Heat oven to 350° F (180° C)
Grease an 8 X 8 inch cake pan.
Mix together the flour, baking powder, and salt, and set aside.
In a saucepan over low heat, melt the butter and chocolate, stirring frequently until smooth.
Remove the saucepan from heat, and let cool.
Beat eggs and sugar until light. Mix in cooled chocolate mixture and Kahlúa[emoji]174[/emoji] flour mixture. Spread in the cake pan and bake for 40 minutes or until a toothpick inserted in the middle comes out clean.
Cool slightly, then brush the top with about 1-2 tablespoons of Kahlúa[emoji]174[/emoji].
Cut into squares.


----------



## bigwheel (May 26, 2006)

Wow..that just sounds toooo rich and decadent. You sure this wont go straight to my hips?

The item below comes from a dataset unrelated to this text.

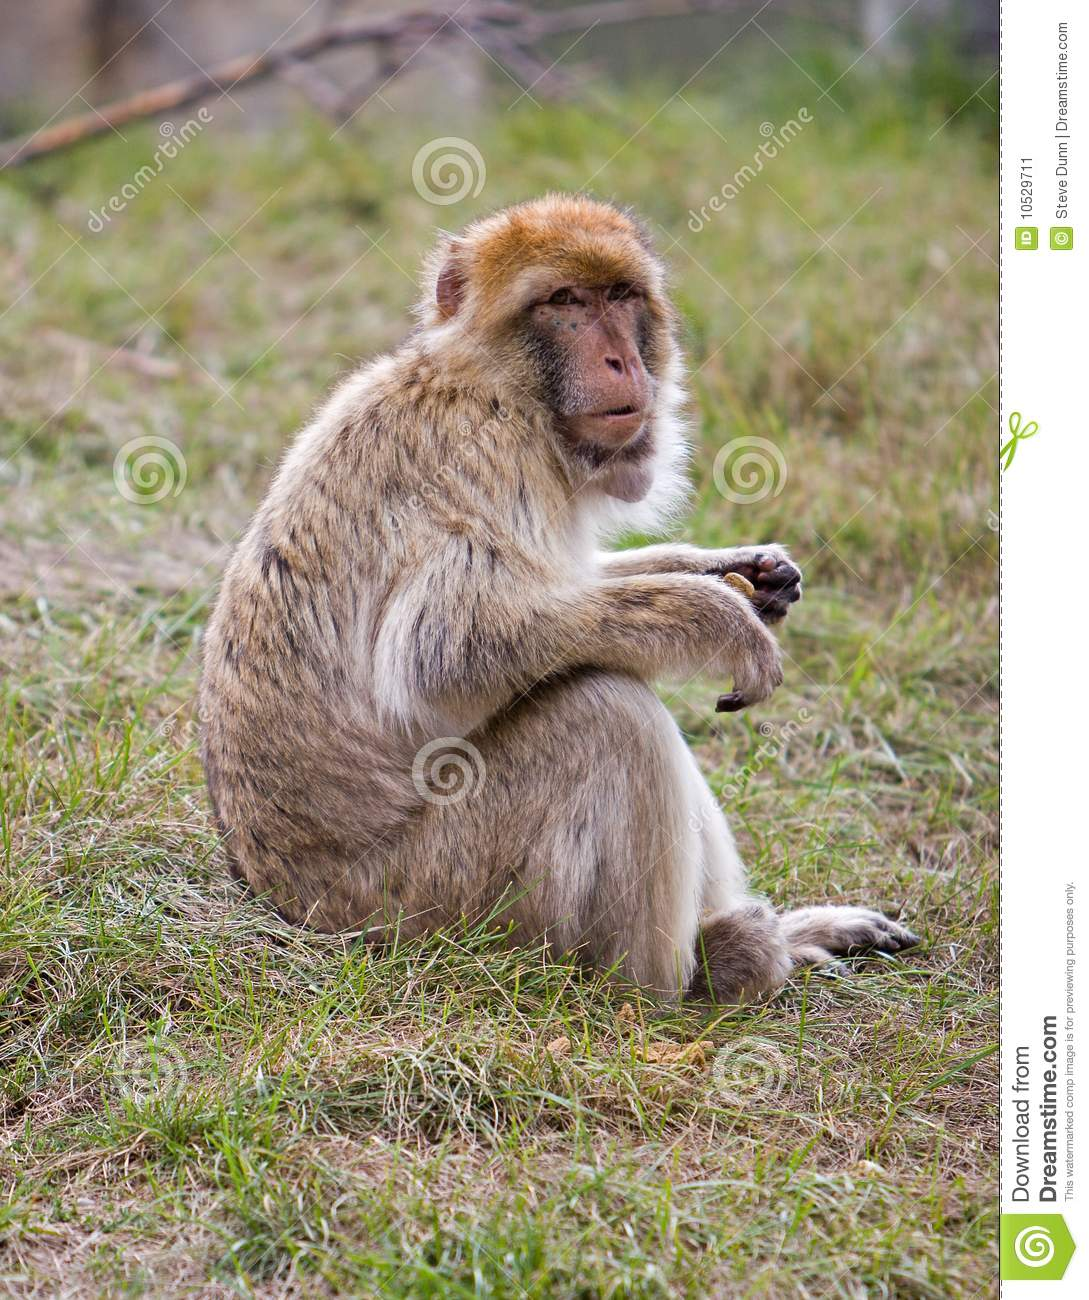 Barbary Ape Sitting On Grass Stock Image.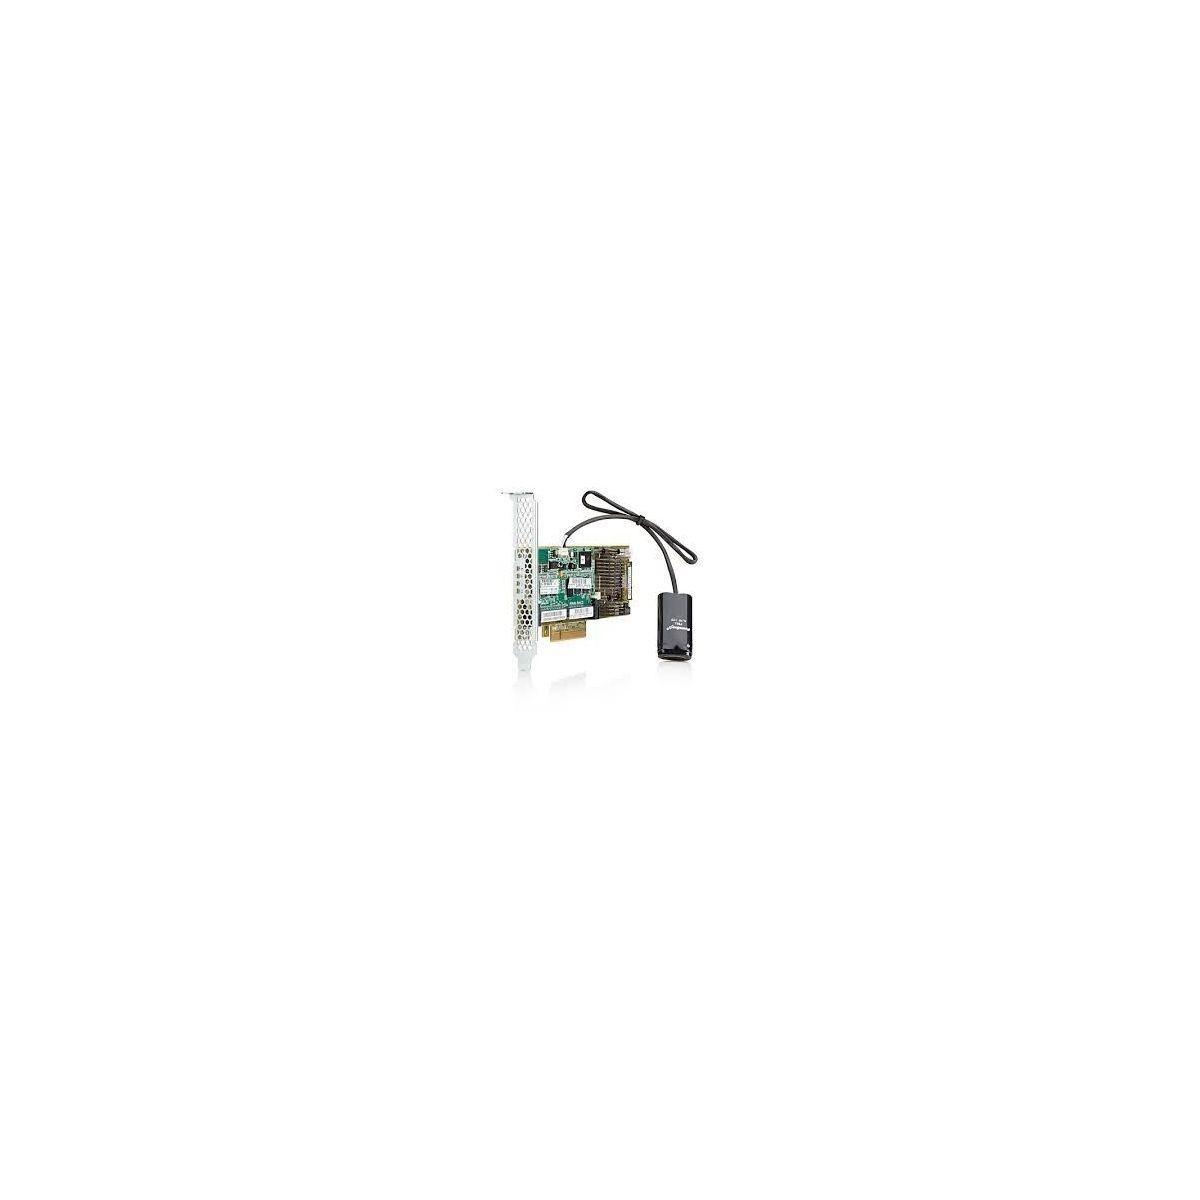 HP Smart Array P420, 1GB FBWC, High-Profile - 1 - Raid Controller - 267,75lei

Thanks for the recipe. Looks like a killer. 

bigwheel


----------



## lyneotto (Jun 6, 2006)

And will you share?
I definately need a Brownie fix!!!
Lyne


----------



## lyneotto (Jun 6, 2006)

Thank you, thank you, thank you...
I'm off to the store toget supplies, then a brownie and Kahlua party, definately!
YES!!!!!!!!!!!!!!!!!!!!!!!!!!!!!!!!!!!!!!!
Lyne


----------